While major projects already under way will continue, the expansion of existing mines and some smaller projects will likely be put on hold, Argus Research analyst Bill Selesky said Friday.

“With the way commodity prices have come off in the face of a slowing global economy, what the miners are doing is starting to evaluate all their ongoing projects,” he said. “It’s all because of the credit crunch.”

The year began well. Denver-based Newmont reported a fivefold jump in its first-quarter net income as production costs fell and gold prices jumped to a record $1,000 an ounce in March. Barrick swung to a profit.

But the global economy began to falter as the U.S. mortgage crisis spread. Gold has fallen to around $720 an ounce this month. At the same time the costs for diesel used to power giant machines spiked.

Gold is competing with the dollar as a safe haven for capital, said JPMorgan analyst John Bridges.

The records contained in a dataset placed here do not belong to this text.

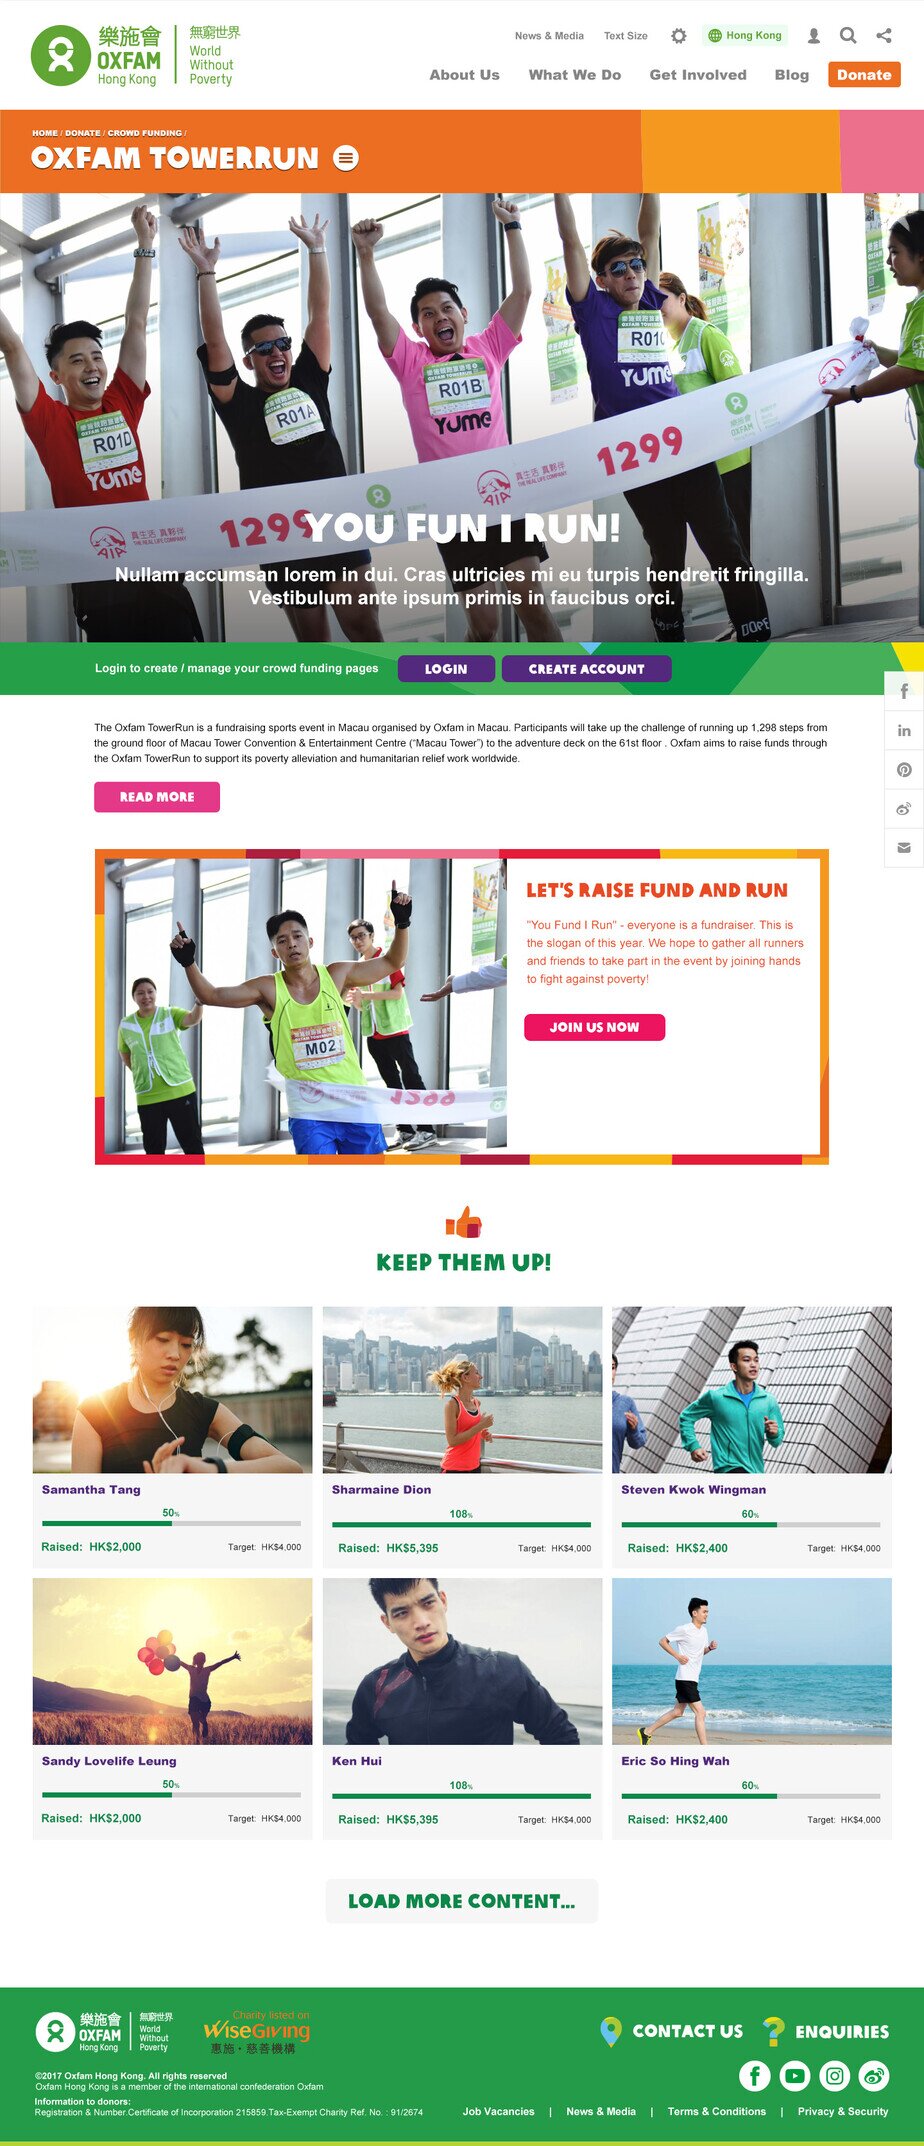 Oxfam Hong Kong Desktop Your Fun Run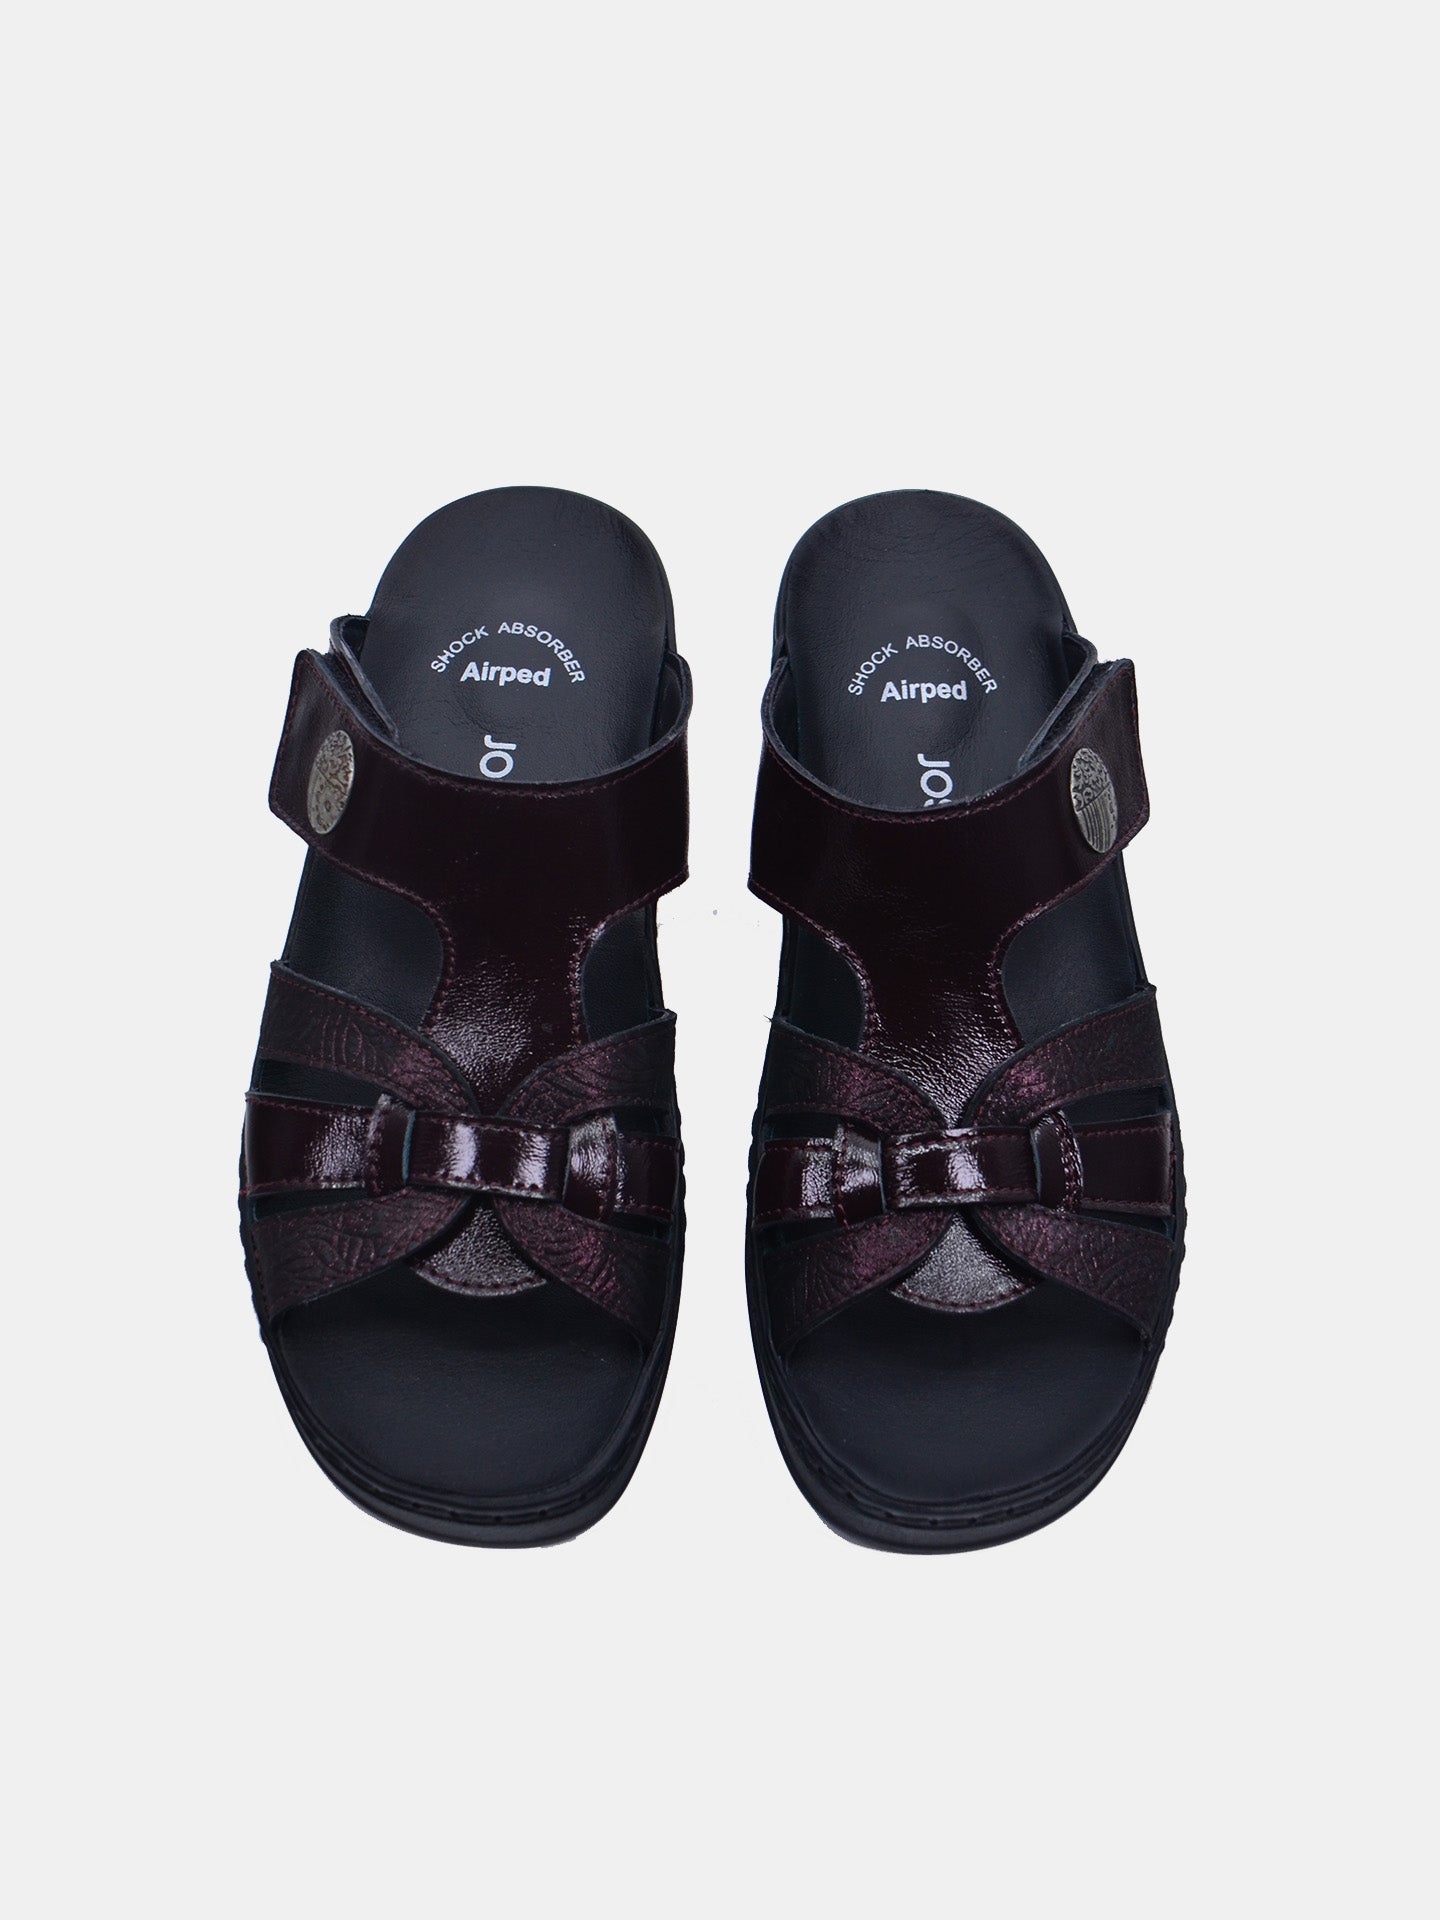 Josef Seibel 08809AR Women's Slider Sandals #color_Maroon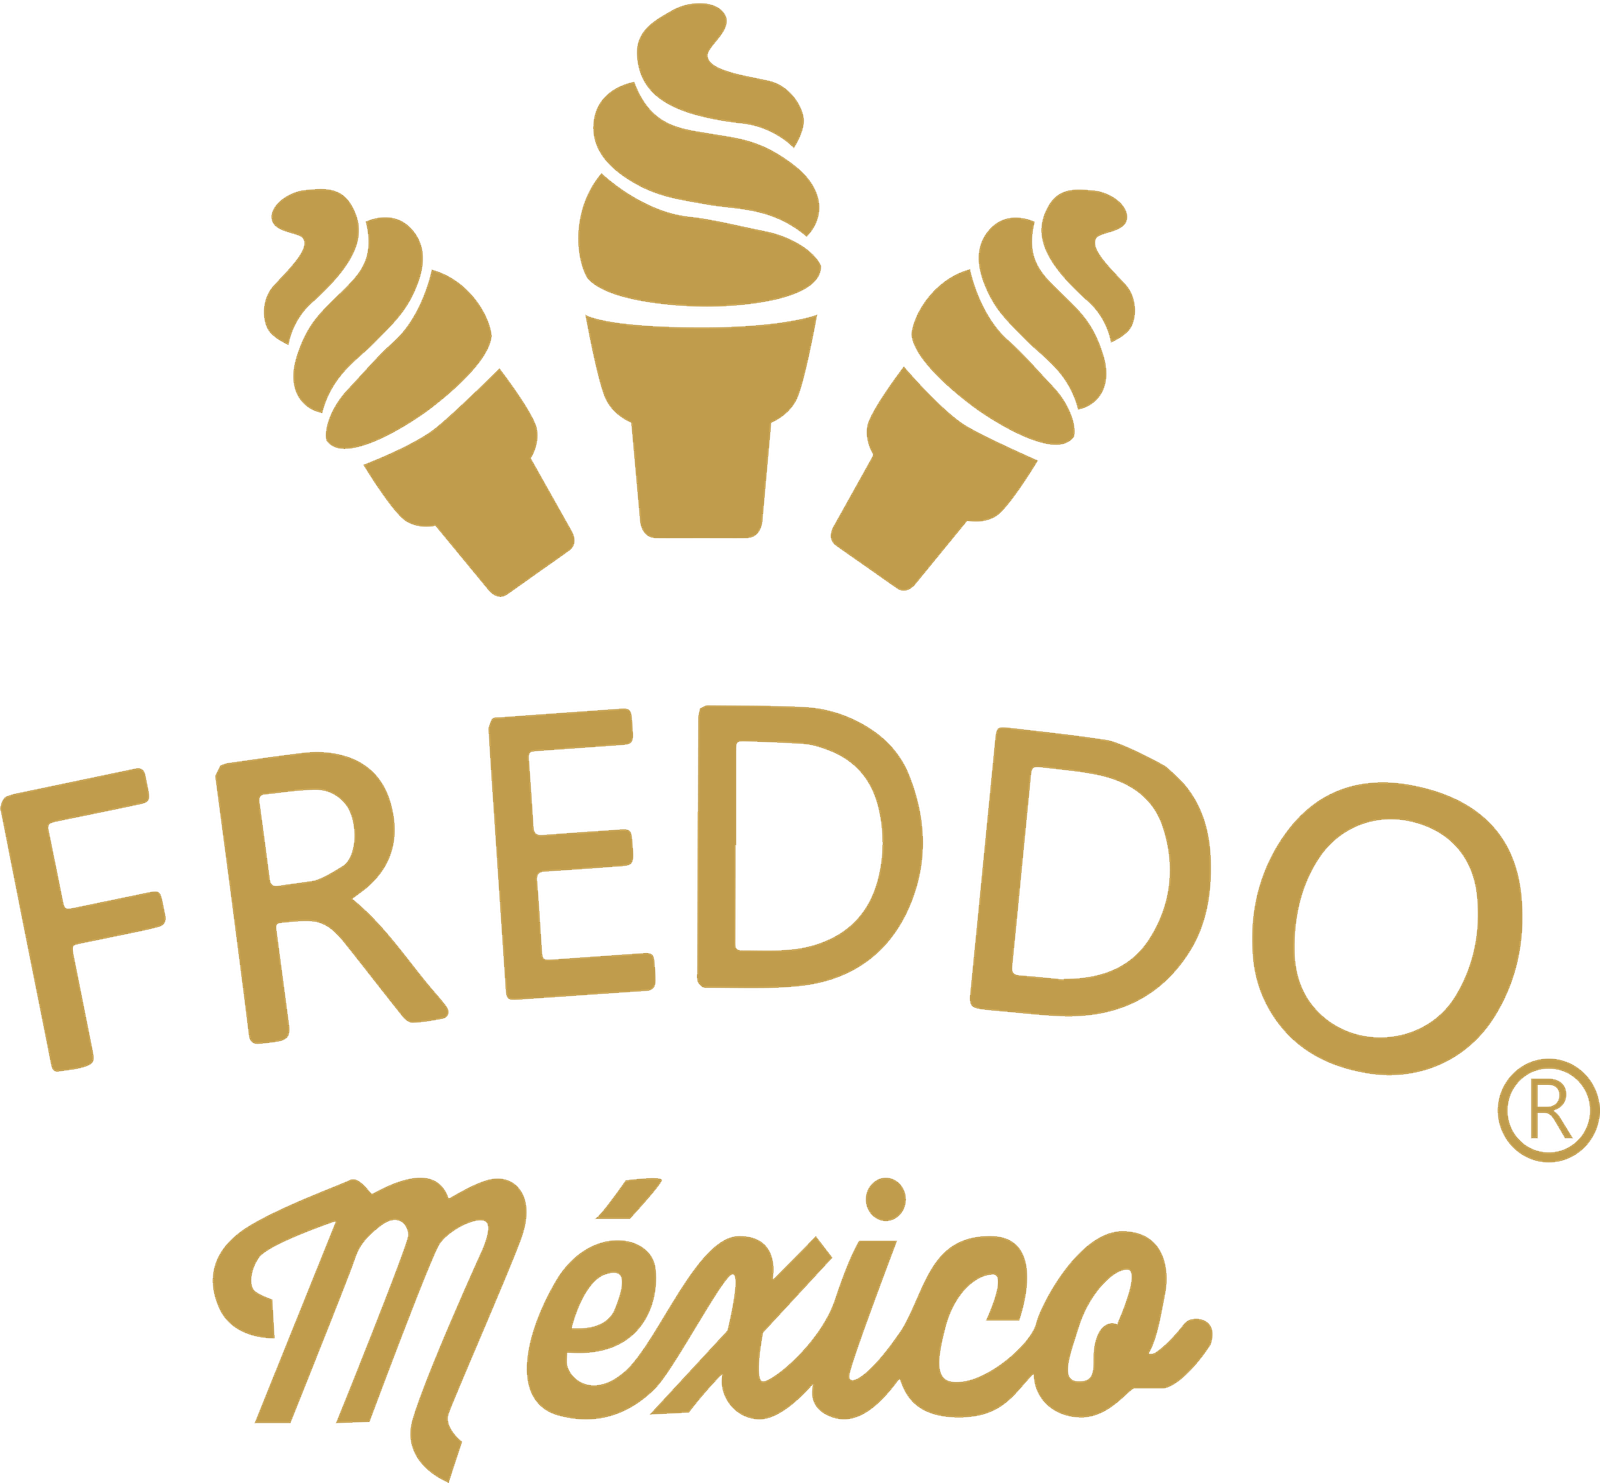 Freddo Logo

“Gold supporters, in our opinion, are losing some faith,” he wrote in a research note.

UBS on Friday revised its 2009 forecast for gold to $700 an ounce from $825 an ounce.

“UBS believes gold will remain under pressure in 2009 from a combination of slowing demand for jewelry and disinvestment as inflation slows,” UBS analyst Brian MacArthur wrote.

Newmont this week reported a 51 percent drop in third quarter net income, blaming higher production costs, plummeting copper sales.

Costs applicable to gold sales increased about $100 an ounce, according to the company.

Barrick reported a 26 percent drop in net income largely due to $97 million in impairment charges, but it also faced higher production costs and sold less gold.

Since January, Newmont’s stock price has fallen 45 percent, from a high of $57.55 a share to $26.34 a share Friday. Barrick’s shares have dropped 44 percent from a high of $54.74 to $22.74 a share Friday afternoon.

Peter Munk, Barrick’s founder, blamed forces outside of industry control.

“The redemptions, mutual funds, hedge funds, the re-gearing of the global financial system has created this,” he said. “We’ve never seen such dislocations and, in fact, we’ve never seen such turmoil.”

Compared with other commodities, however, Munk believes gold still holds its luster.

“The decrease in value over the past four or five months in gold is a fraction of what all the base metals, oil, sulfur, wheat, soybean, lead, nickel has gone through,” he said. “Which again, indicates the tremendous monetary value of gold as a means of creating high-level liquidity in terms of panic.”